[Provided material]

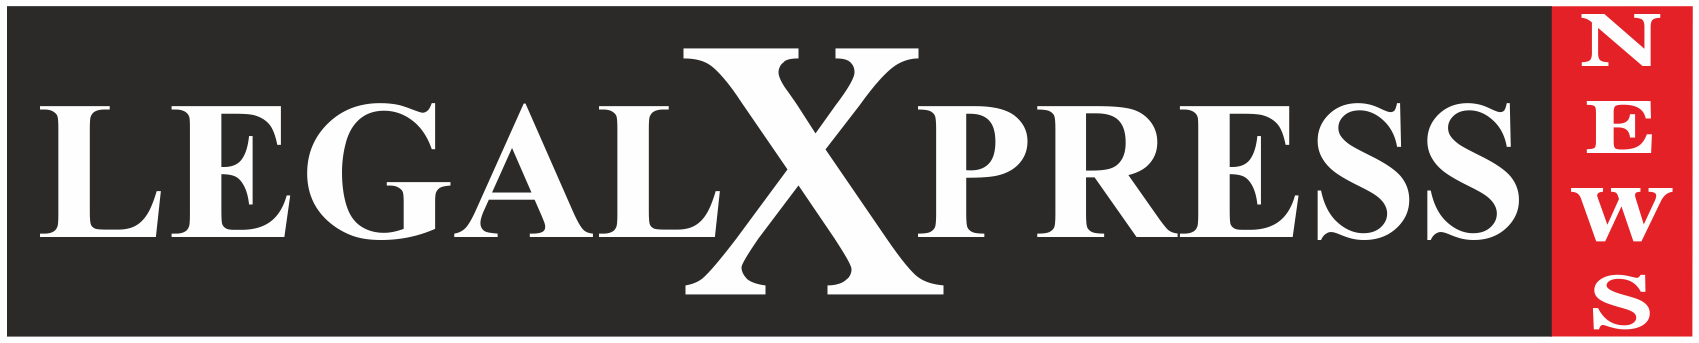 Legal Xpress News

[/Provided material]
[Provided material]

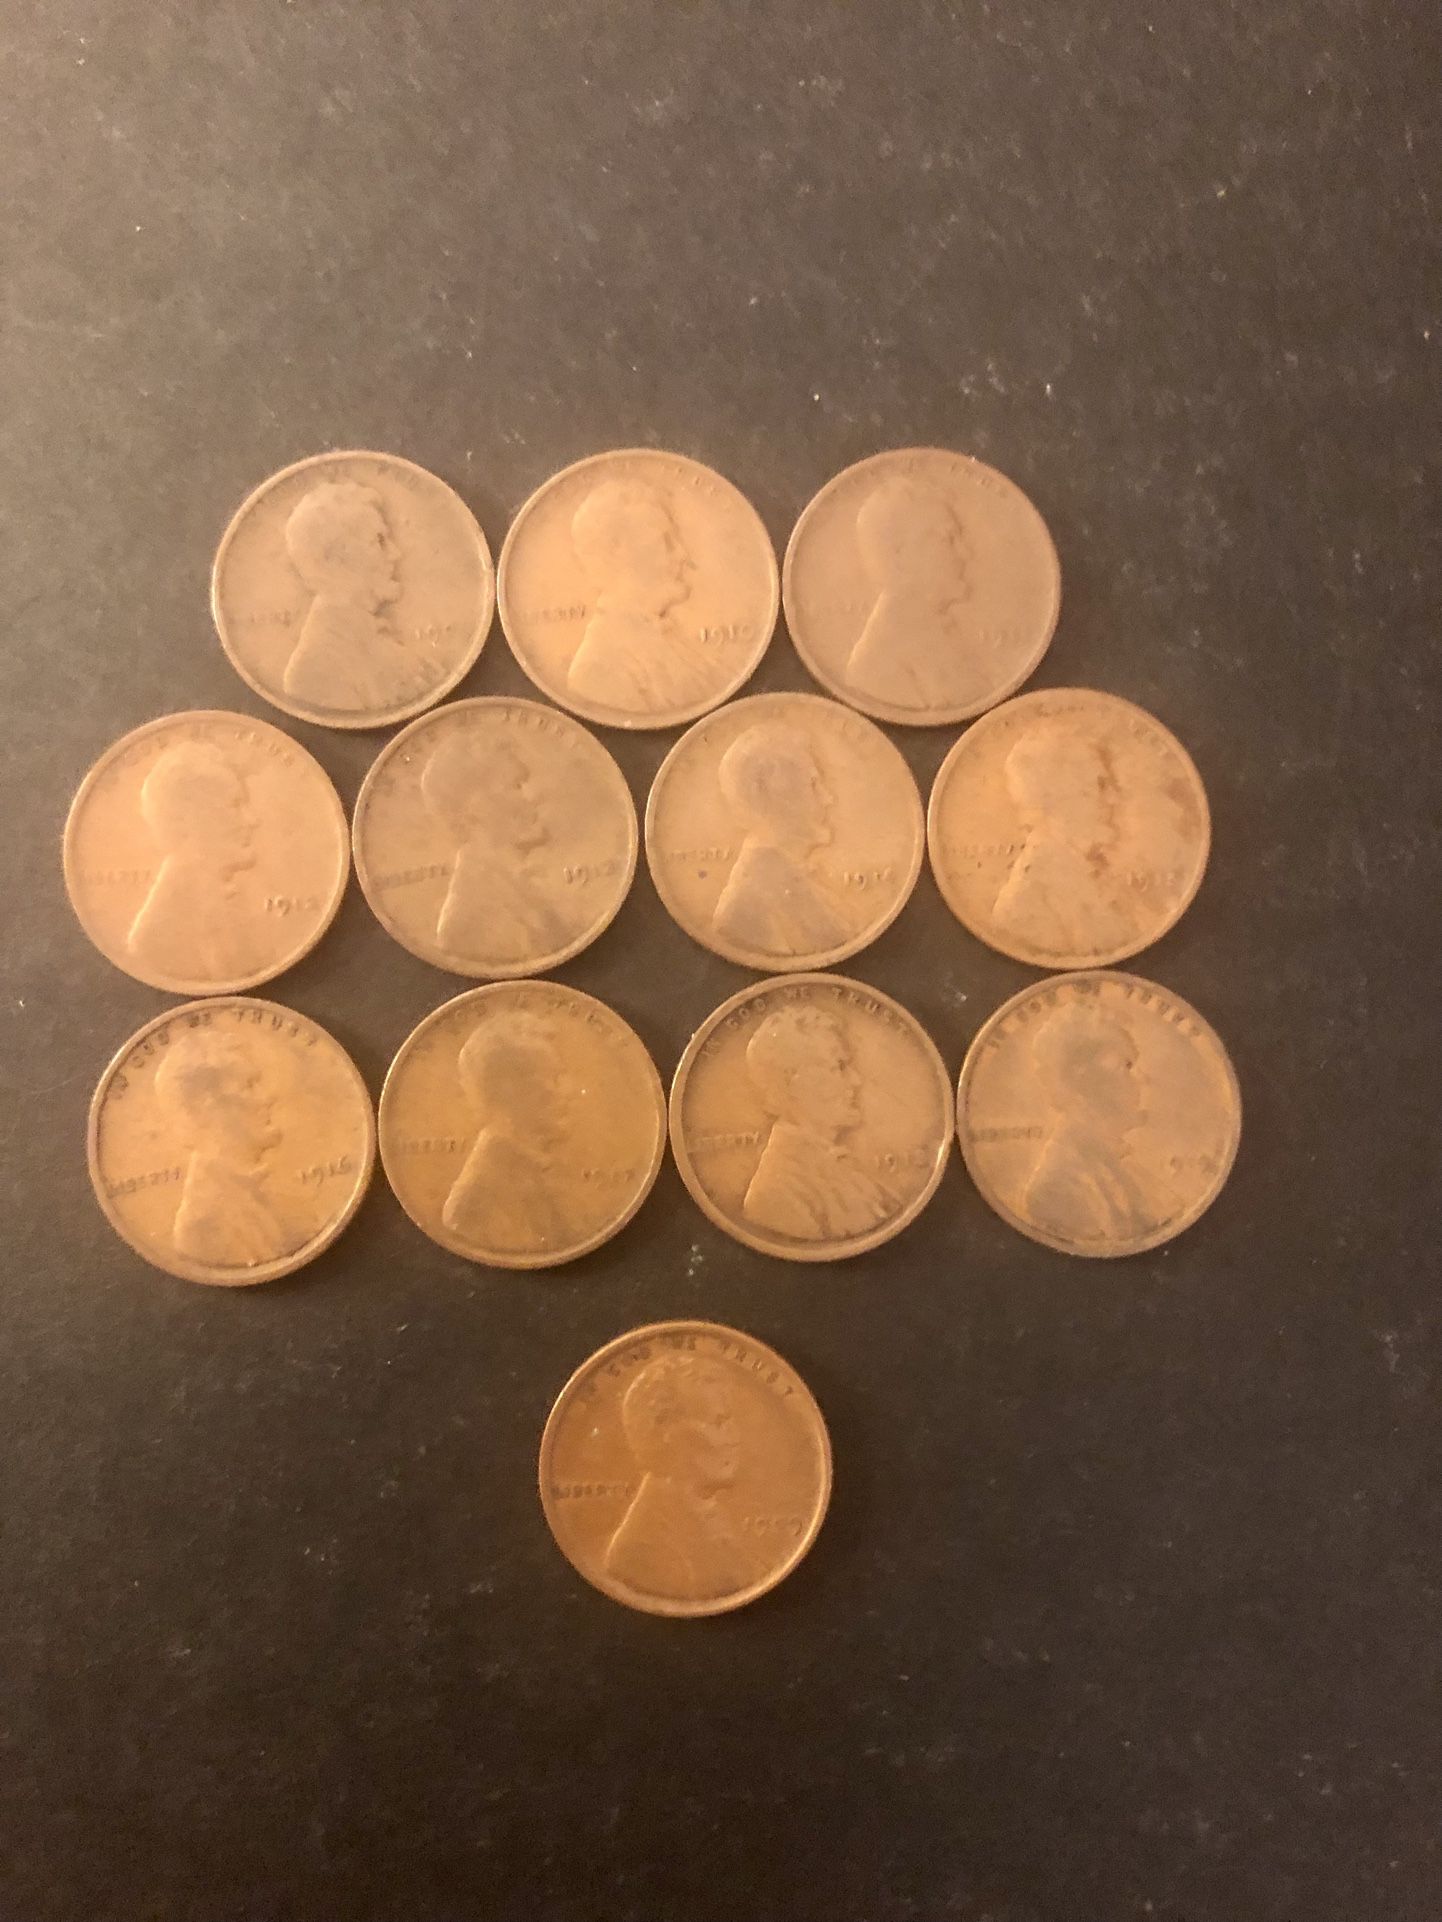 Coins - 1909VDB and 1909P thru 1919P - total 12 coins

[/Provided material]
[Provided material]

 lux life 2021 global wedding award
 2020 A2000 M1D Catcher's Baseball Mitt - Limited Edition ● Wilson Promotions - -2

[/Provided material]

> **About this task**
Look above for the line that contains "lux life 2021 global wedding award". Starting there, transcribe every line exactly until you have copied the line that contains "2020 A2000 M1D".

> **Answer box**
 lux life 2021 global wedding award
 2020 A2000 M1D Catcher's Baseball Mitt - Limited Edition ● Wilson Promotions - -2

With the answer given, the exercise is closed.